Gypsy News

News about the Rom/Roma/Gypsy along with environmental, wildlife and animal news and alerts.

Friday, April 11, 2008

Byelorussian gypsies lit candles to commemorate their relatives perished during World War II

Minsk, April 9, Interfax – Byelorussian gypsies commemorated their relatives perished in the years of World War II on Tuesday, the day of Romany nation, head of CIS and Baltic gypsy communities and head of the gypsy diaspora Oleg Kozlovsky told Interfax.

They lit candles and let wreaths flow in the river in their memory.

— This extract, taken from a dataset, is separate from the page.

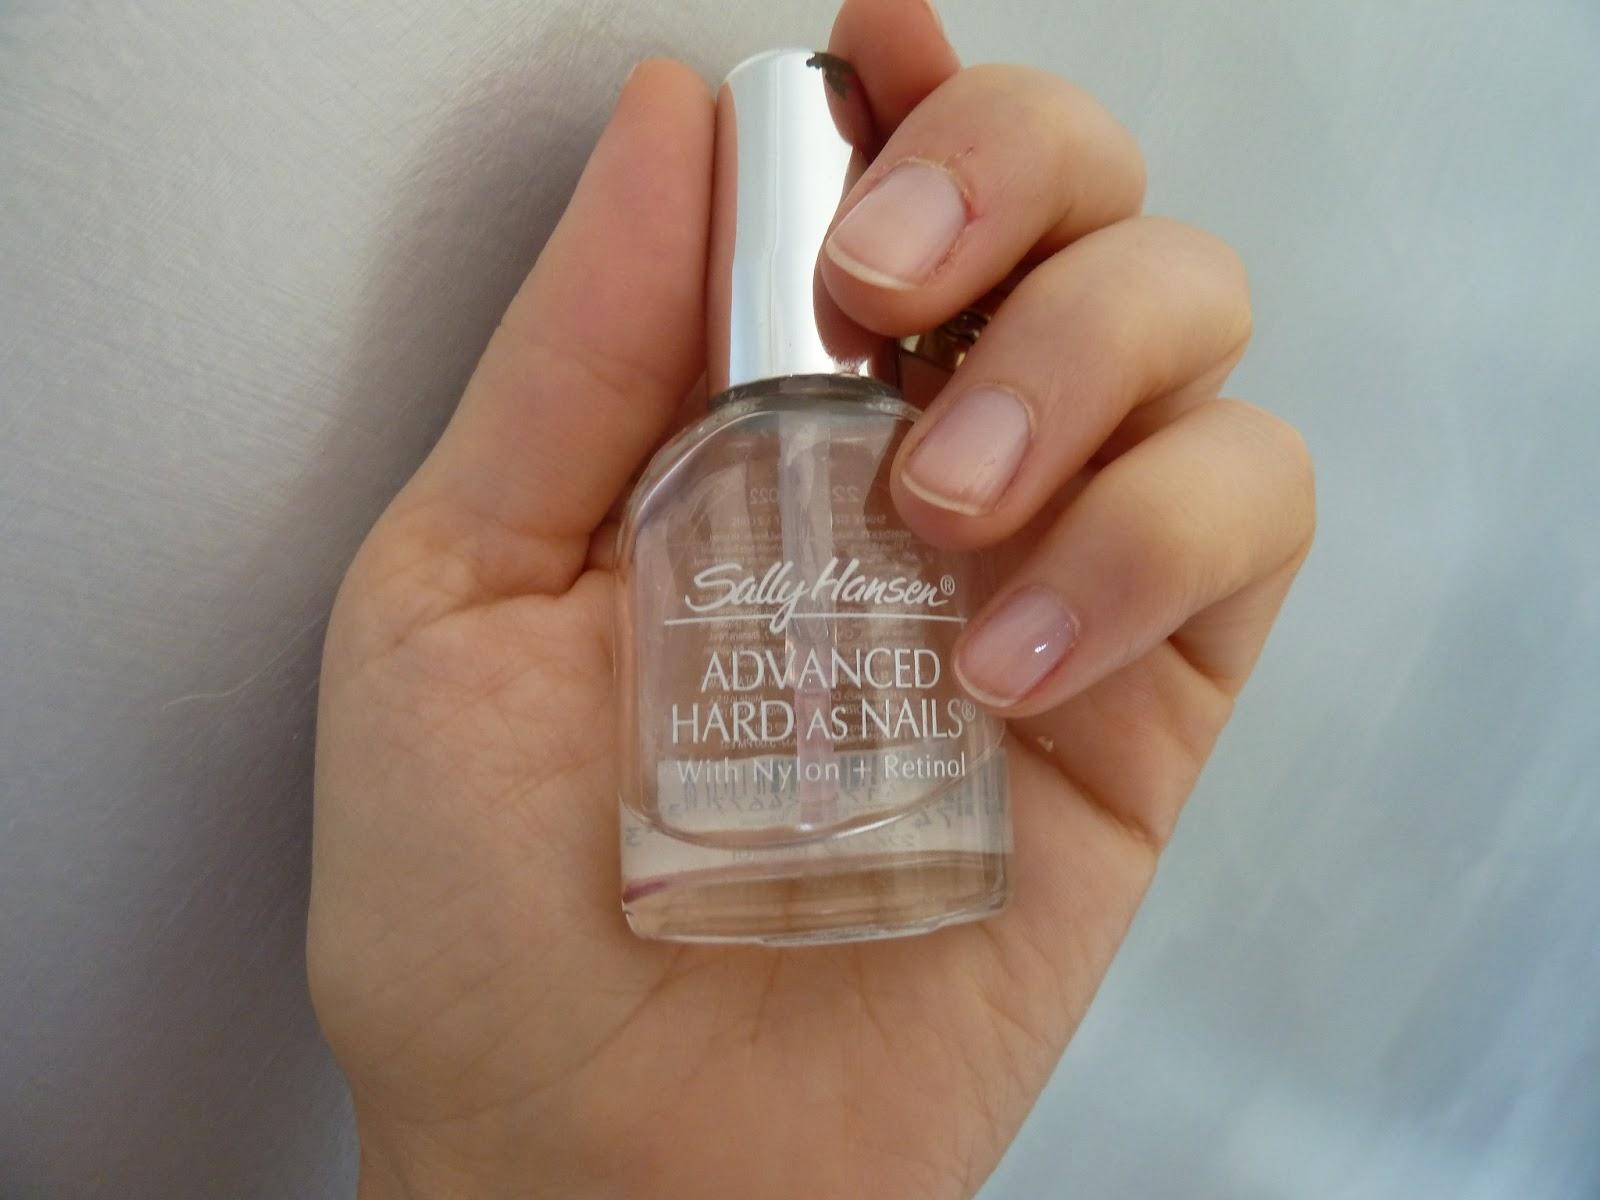 Australian Beauty Review: Product Review: Sally Hansen - Advanced ...

According to Koslovsky, the question of World War II genocide is still very important for Byelorussian gypsies and all gypsies of the CIS countries. “Byelorussian gypsies murdered by the fascists should be recognized the same victims as Jews or representatives of other nationalities,” the interviewee of the agency stressed.

He explained that if gypsies killed during World War II had been recognized as genocide victims, then the question of moral and material compensation to the victims and their families would have been considered from “a different angle.”

“We are collecting historical documents about gypsies suffered from Nazism, but the process of finding the documents is very complicated, as no gypsy had a passport then. Historians say that only 1% of the total pre-war gypsy population survived the war in Byelorussia,” Koslovsky noted.

According to him, about 60, 000 gypsies live in Byelorussia today, the majority of them inhabits the Gomel region. All Byelorussian gypsies are settled, they ceased migrating about 50 years ago and live mainly in the cities, and 90% of them are Orthodox.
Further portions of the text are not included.